Critique de l’album Petite amie (2017) de Juliette Armanet
Que peut-on encore dire de la musique de Juliette Armanet ? Phénomène médiatique plus que culturel depuis la sortie de son premier album Petite amie au printemps 2017, la chanteuse semble en constante ascension. On l’a comparée, entre autres, à William Sheller, Michel Berger ou Véronique Sanson. Elle est devenue, malgré elle, le symbole d’un renouveau populaire de la variété française dont on a bien du mal à déterminer les autres représentant.e.s. Encensée à la quasi-unanimité par la presse, saluée lors de l’insupportable messe cathodique des Victoires de la Musique et même célébrée par les communautés en ligne type Sens Critique, Armanet est devenue une figure inévitable pour qui s’intéresse à la chanson actuelle. Cette adulation, a priori réjouissante, est également la source de toutes les dérives analytiques. Dans le portrait pour Vogue qu’elle a consacré à la chanteuse en mars dernier, Sophie Rosemont expliquait, entre autres joyeusetés, que « si sa musique est fédératrice, réunissant un public de 7 à 77 ans de toutes classes sociales, la musicienne reste un objet d’affection (voire de fascination) pour la branchitude parisienne ». Alors qu’elle s’apprête à donner son deuxième concert lyonnais complet de l’année aux Nuits de Fourvière, j’ai souhaité revenir en détail sur le travail d’Armanet, afin de mieux comprendre l’engouement qu’elle a provoqué, mais aussi de remettre au centre les chansons elles-mêmes, et ce qu’elles ont à apporter.

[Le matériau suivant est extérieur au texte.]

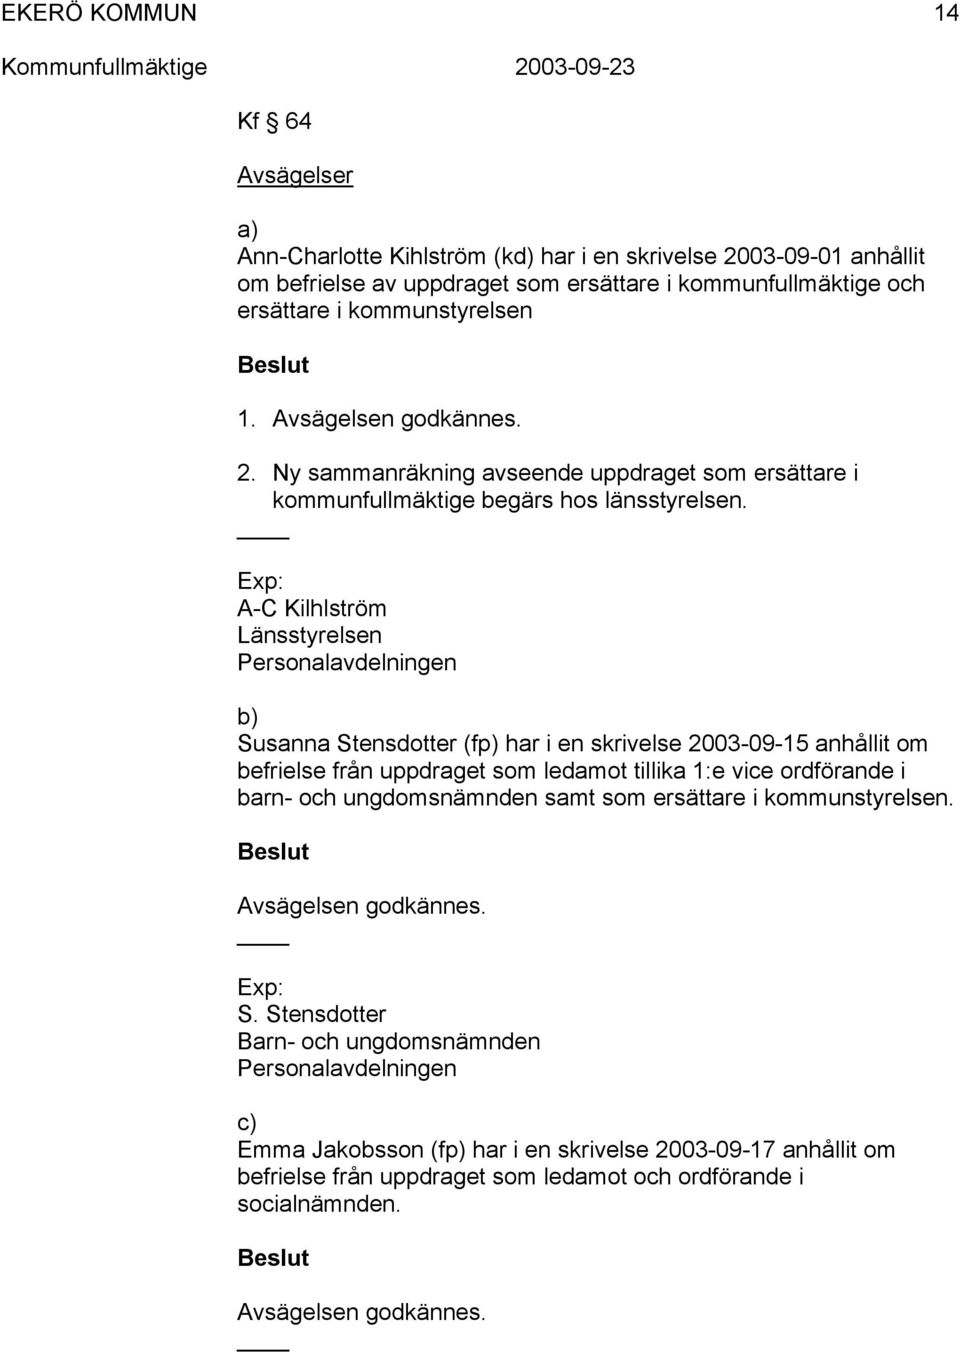 Exp: A-C Kilhlström Länsstyrelsen Personalavdelningen b) Susanna Stensdotter (fp) har i en skrivelse 2003-09-15 anhållit om befrielse från uppdraget som ledamot tillika 1:e vice ordförande i barn-

Avant de partir à la redécouverte de Petite amie, j’aimerais ici partager mes impressions sur les prestations scéniques d’Armanet. J’ai eu un aperçu de son potentiel lorsqu’elle s’est produite au concert de rentrée 2017 de Dijon, avant d’avoir la chance d’être présent pour son passage au Transbordeur en mars dernier. J’étais mitigé au retour de sa prestation de Dijon, mais on ne peut pas dire que les conditions étaient favorables : comment réellement séduire un public qui est venu écouter Catherine Ringer et (peut-être surtout) Lorenzo ? Armanet a tenté de répondre à cette question en en faisant trop, ce qui ne faisait pas honneur à ses morceaux, pourtant extrêmement maîtrisés. Certes, il y a quelque chose d’éminemment charmant à entendre “I Feel It Coming”, le revirement romantique de The Weeknd, crooner habituellement plus connu pour son hédonisme et sa violence, transformé en ode doucereuse à la sensualité, mais je n’étais tout de même pas convaincu. Au Transbordeur, c’était une toute autre histoire. Quelque part, Armanet est toujours en représentation, vedette incontestée au milieu de ses musiciens appliqués et discrets. Drôle, chaleureuse, elle parvient à imposer son espace-temps, tout en gardant une certaine distance, rendant à ses chansons toute leur dimension fantasmatique. Un concert de Juliette Armanet, c’est une échappatoire fédératrice, où auditrices et auditeurs semblent communier autour des mots d’amour réconfortants de l’interprète. C’est assez habile de sa part d’évacuer les morceaux les plus désespérés de son répertoire en début de concert, comme pour conjurer la douleur et guider le public vers une certaine félicité. La sortie de scène et le retour à la morne réalité au son du “Goodbye Stranger” de Supertramp n’en sont que plus frappants de mélancolie.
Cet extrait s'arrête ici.